Thank you Cristy, I did try to call but you were out at the time. It's more that my W is in the house most nights. One of her complaints about me is that I 'stop' her going out but in the last month she has only gone out once.
As I have been reading DR, (I have just finished chapter 5) the questions I have are regarding the possible improvements that can be seen. In the past week I have spent little time with her outside of our children and kept any conversations short but polite. She is regularly curious about my day, where I go, if I had a good time when I have gone out. When I read about the LRT, it seems to fit what is written as the second possibility of things that could happen. I'm certainly not going to get ahead of myself and think things are getting better per say but I know she has been asking friends about 'my changes'. I even had one of her best friends call me by 'accident' (something she has never done), and she asked how I was. I kept it short and just said I had looked into myself and was working on me.
Like I said before, I am happy with the path I'm on and will continue on it. I am not going to try and read her mind as it seems to be everywhere and nowhere at the same time.

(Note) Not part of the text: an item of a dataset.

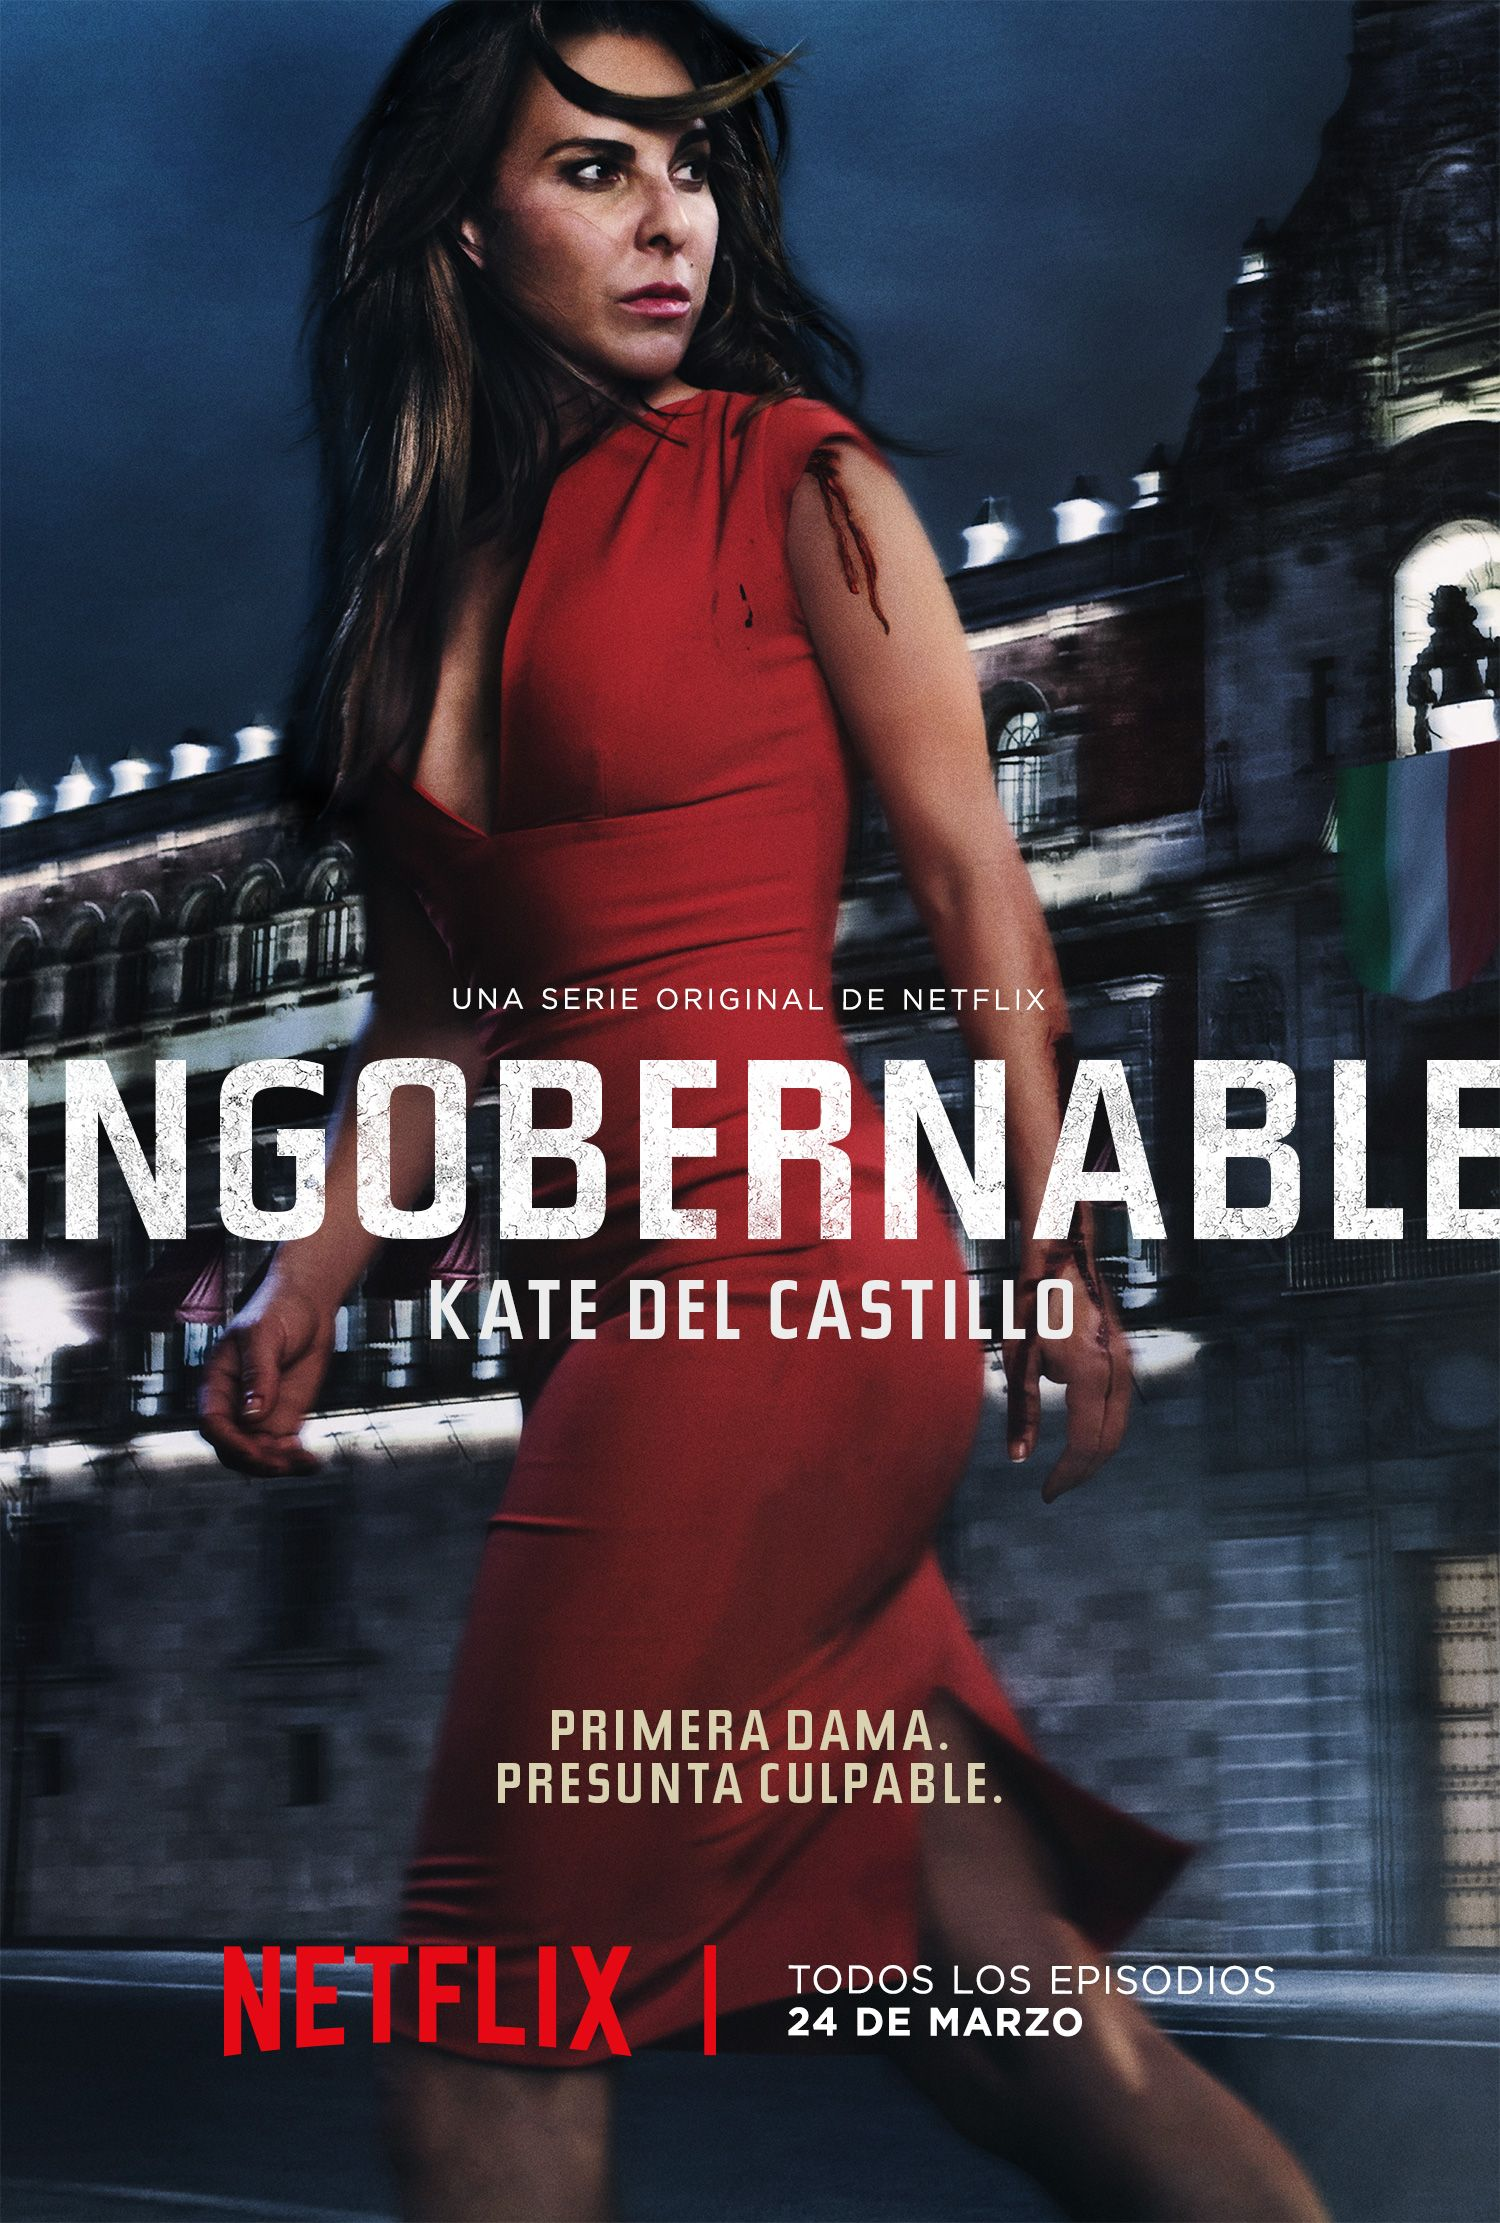 Netflix Lanzará La Primer Temporada De Su Anticipada Serie Original Mexicana De La Ingobernable No Te La Pierdas Tv Series 2017 Tv Series Kate Del Castillo

I have been thinking of something the past few days and maybe here is the best place to garner opinion. Part of what she seems to want is independence, she feels she is too tied to me (something that is fine when it suits her). With our house I have been the one to pay all the bills and take care of 95% of the paperwork especially as we built it. She has one more month here before this apartment is available. I had Been considering suggesting to her that she takes care of all the house stuff for this next month and to say I am happy she is looking to stand on her own two feet. To give her that opportunity that till now she has never wanted to do. Any thoughts?